- **Entries supplied**
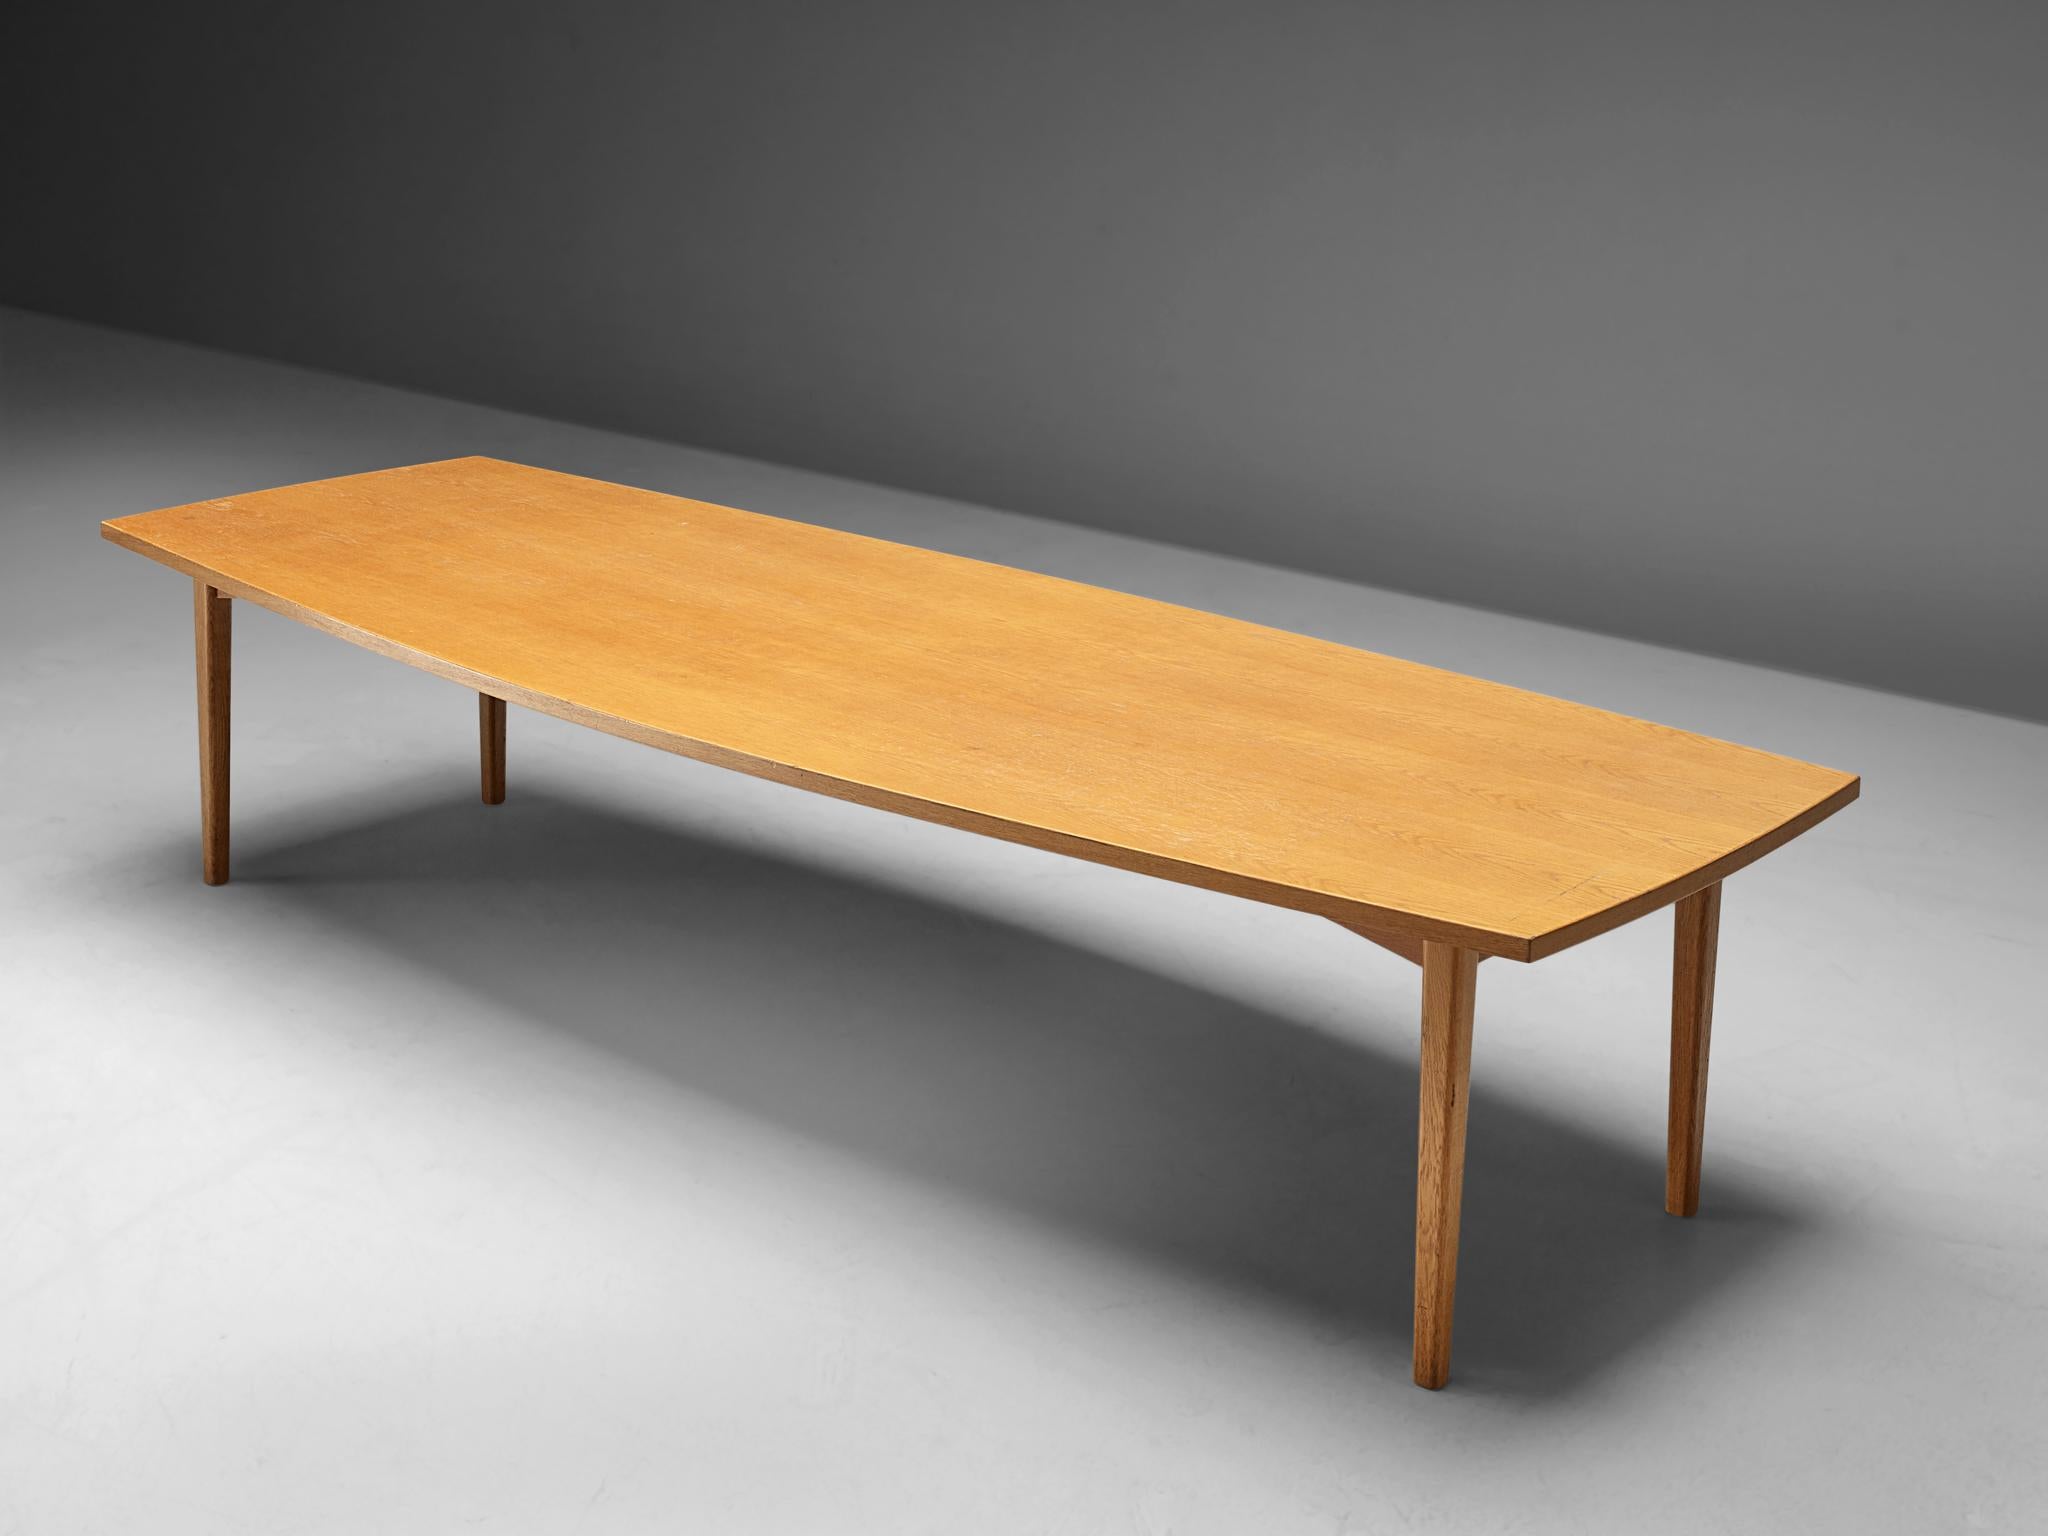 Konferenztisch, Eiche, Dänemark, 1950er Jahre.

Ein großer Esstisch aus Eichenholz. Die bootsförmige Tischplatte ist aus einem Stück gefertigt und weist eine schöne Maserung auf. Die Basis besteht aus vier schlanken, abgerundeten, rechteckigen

==

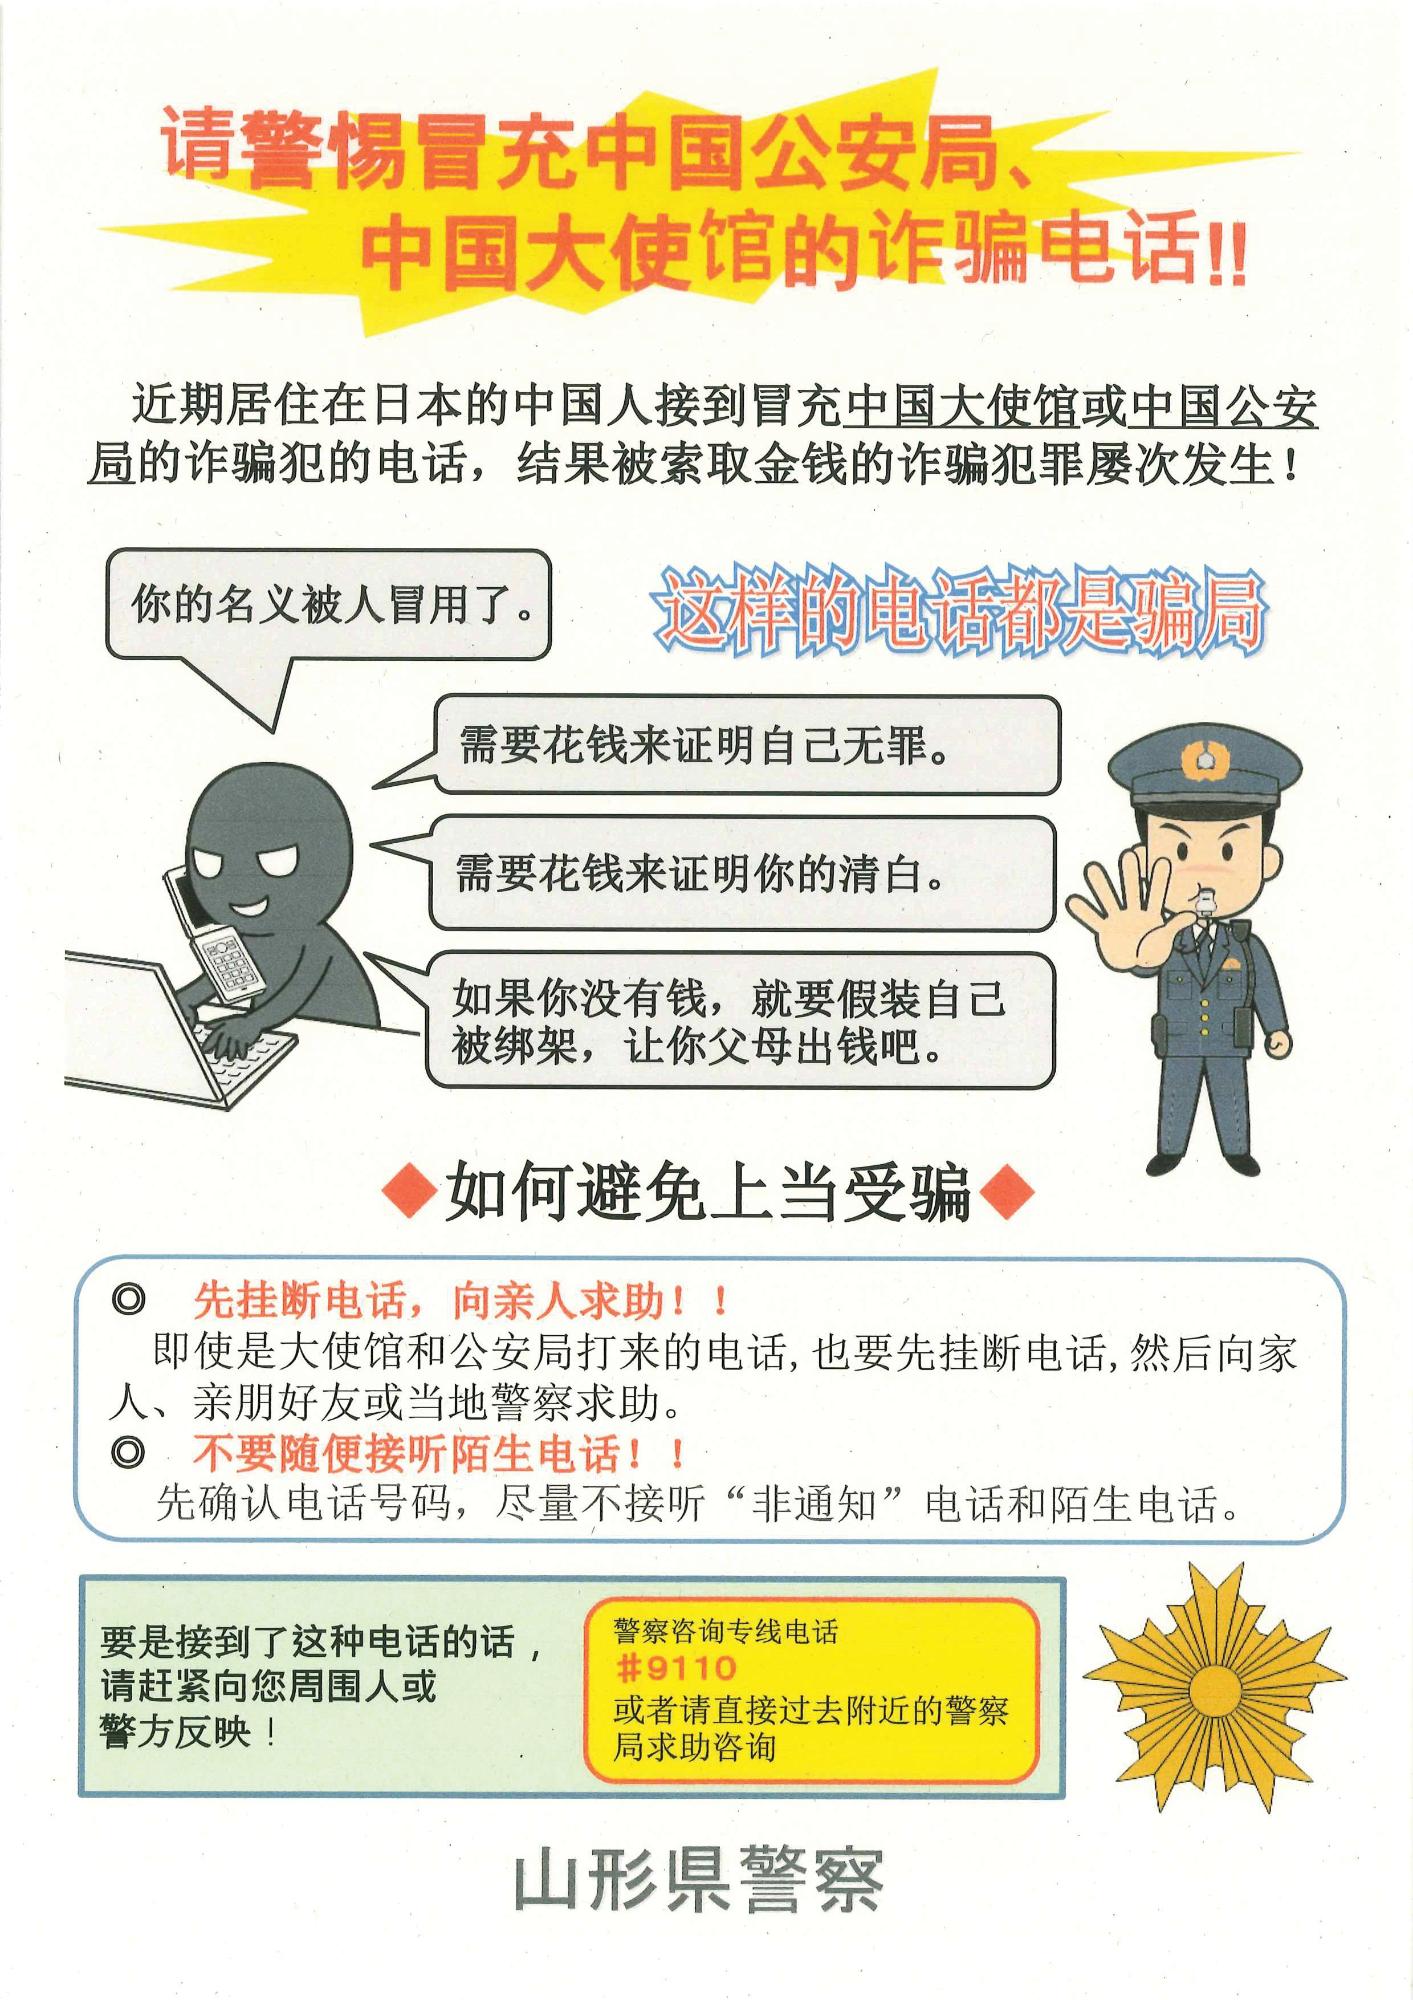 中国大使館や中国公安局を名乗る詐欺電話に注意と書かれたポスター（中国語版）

- **About this task**
Set the pictures aside and retype exactly the lines above from the line with "Konferenztisch, Eiche, Dänemark, 1950er" to the line with "Ein großer Esstisch", both included, adding no others.

- **Response**
 Konferenztisch, Eiche, Dänemark, 1950er Jahre.

Ein großer Esstisch aus Eichenholz. Die bootsförmige Tischplatte ist aus einem Stück gefertigt und weist eine schöne Maserung auf. Die Basis besteht aus vier schlanken, abgerundeten, rechteckigen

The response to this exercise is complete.